I mean look at that setup. There’s barely even a signboard. Just someone cooking in public. If you’re hungry and you want what they’re making, you hand them some cash. How close can we get to that today?
I think the question fascinates me because cooking is care work, and the value of care remains obvious, because care is about providing the necessities of life. If the work is cooking, maybe everything but the heat and the eating is in some fundamental way unnecessary – everything from seating to flatware to the gram is just rigmarole. Maybe satiation’s still essential, and maybe gratitude.
In Pittsburgh this spring, I walked from Squirrel Hill to Lawrenceville, a path which undulated up and down more than it did side to side. Most of the way to Lawrenceville I saw a tent on the sidewalk, a sandwich board, and a bunch of people standing in a line. They stood in front of the brokedown facade of a former luncheonette that was clearly a former something else. The whole building was a kitchen. Daylight made it a cavern, cooks moving vaguely amongst piles of boxes and stainless steel hulks. A person handed egg sandwiches and donuts out the front door. Mine was exemplary, soft and dripping in all the right ways, a sandwich to wipe off your fingers and chin.

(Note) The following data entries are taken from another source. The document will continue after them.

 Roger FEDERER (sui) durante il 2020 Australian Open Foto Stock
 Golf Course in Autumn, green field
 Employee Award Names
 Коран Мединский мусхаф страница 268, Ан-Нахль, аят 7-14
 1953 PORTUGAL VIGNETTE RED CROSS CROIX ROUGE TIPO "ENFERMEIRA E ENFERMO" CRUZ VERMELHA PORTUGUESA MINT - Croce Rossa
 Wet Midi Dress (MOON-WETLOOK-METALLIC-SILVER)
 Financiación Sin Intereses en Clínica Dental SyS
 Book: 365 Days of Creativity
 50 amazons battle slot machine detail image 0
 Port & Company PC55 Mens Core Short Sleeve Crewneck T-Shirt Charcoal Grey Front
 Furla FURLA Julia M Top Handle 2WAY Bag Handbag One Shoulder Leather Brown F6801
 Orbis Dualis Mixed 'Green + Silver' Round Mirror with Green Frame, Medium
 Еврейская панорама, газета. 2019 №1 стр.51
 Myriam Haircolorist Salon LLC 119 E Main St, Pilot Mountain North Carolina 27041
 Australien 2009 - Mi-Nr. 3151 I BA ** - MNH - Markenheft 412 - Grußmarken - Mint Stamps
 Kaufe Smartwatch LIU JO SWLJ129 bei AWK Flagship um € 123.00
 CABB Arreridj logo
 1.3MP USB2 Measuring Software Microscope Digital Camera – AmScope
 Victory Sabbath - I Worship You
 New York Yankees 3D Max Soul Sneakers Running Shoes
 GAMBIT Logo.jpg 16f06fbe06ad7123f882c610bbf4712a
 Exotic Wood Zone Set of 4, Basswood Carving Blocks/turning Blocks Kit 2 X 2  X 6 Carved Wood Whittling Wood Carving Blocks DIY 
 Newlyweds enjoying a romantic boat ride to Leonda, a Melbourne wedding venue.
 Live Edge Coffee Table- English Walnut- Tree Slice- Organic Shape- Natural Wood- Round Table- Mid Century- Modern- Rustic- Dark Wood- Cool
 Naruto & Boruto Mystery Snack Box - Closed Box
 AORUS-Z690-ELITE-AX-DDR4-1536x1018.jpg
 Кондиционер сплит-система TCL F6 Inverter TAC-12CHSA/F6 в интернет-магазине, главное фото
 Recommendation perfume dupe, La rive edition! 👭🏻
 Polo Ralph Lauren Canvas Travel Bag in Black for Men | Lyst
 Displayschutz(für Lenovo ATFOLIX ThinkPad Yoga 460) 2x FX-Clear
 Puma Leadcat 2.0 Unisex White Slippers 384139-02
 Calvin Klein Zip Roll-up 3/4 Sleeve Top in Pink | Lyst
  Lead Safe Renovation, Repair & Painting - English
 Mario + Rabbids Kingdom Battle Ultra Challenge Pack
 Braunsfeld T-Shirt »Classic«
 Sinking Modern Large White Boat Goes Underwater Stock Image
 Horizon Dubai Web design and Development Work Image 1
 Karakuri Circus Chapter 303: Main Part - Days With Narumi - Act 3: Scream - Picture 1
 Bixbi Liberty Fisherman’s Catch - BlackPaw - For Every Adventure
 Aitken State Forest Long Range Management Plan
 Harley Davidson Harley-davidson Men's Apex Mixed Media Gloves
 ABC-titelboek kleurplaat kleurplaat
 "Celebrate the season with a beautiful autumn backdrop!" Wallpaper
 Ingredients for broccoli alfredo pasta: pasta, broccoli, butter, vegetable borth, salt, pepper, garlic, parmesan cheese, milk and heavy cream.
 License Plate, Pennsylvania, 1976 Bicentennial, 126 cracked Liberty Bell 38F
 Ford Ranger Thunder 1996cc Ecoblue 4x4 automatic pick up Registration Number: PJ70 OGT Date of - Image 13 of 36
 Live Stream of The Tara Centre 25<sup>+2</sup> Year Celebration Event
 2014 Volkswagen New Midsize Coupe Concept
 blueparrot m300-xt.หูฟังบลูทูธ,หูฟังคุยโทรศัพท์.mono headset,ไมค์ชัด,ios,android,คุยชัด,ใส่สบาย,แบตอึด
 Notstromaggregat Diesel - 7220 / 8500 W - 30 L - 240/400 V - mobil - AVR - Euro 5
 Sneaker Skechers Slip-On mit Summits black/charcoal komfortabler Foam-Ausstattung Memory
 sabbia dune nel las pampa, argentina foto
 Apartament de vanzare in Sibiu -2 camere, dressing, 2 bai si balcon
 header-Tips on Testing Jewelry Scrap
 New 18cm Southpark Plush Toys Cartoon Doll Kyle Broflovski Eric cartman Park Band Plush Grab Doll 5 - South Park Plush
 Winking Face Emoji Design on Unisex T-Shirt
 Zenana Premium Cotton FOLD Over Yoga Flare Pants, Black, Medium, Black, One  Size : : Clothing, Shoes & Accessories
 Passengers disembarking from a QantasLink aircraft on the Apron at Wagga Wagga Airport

Someone was telling me that their friends talk in great detail about restaurants they’ve never been to. You can do that now if you just follow a place on the internet, because that much detail bleeds into the ether now. This felt like the opposite – a restaurant you follow on the internet because you’ve eaten there, a place where the relationship is irreducibly based on a sandwich handed across a threshold. They’re in the middle of nowhere, and there’s no reason to go except that you want not just a sandwich, but their sandwich. There’s a kernel of something there, something akin to feeding people without a signboard. Something that says it’s still the food that’s necessary.
I’m not saying we don’t need to feed souls, but there’s a difference between taking delight in food and taking delight in status. And maybe something that’s happened, now that everyone’s a broadcaster, is that status is a more universal currency, is that delight in food and delight in status have become a little too closely bound, that food is much less a private or even communal pleasure, and more a public one. You can’t broadcast how a sandwich tastes. And if the actual eating is becoming less and less important, then what’s the cooking worth?
And I have business cards and a website and an instagram account I barely use, and I have all of this because I have to, because there’s no way to go on the street and start selling food, but also because I need to explain how I’m offering status as well as food, because if I’m just offering food, I’m competing with Denny’s, and I can’t compete with Denny’s.
Maybe just selling food is an activity for the fringes, a thing you can do if your rent is low and no one around you is making much money. In colonies still thrashing through development. On a run down stretch of a rutted road that yawns between the lymph nodes of a midsize city. New York’s most exciting food has always been found on the scarred borders of the cyborg city, where the parts deadened by metal and cash meet the parts that still feel mutable and alive. Places like the Queen’s Hideaway, or Porcelain, or Mu Ramen, where the dishes screamed onto your table like flaming comets from another dimension, smoking with imagination and vibrating with promise and life.
Cooking, eating. Cash, thanks. What makes us need more than that?
Another essential restaurant, Paris, May 2023.
That sandwich. Eaten standing in an entrance alcove. Pittsburgh, April 2024.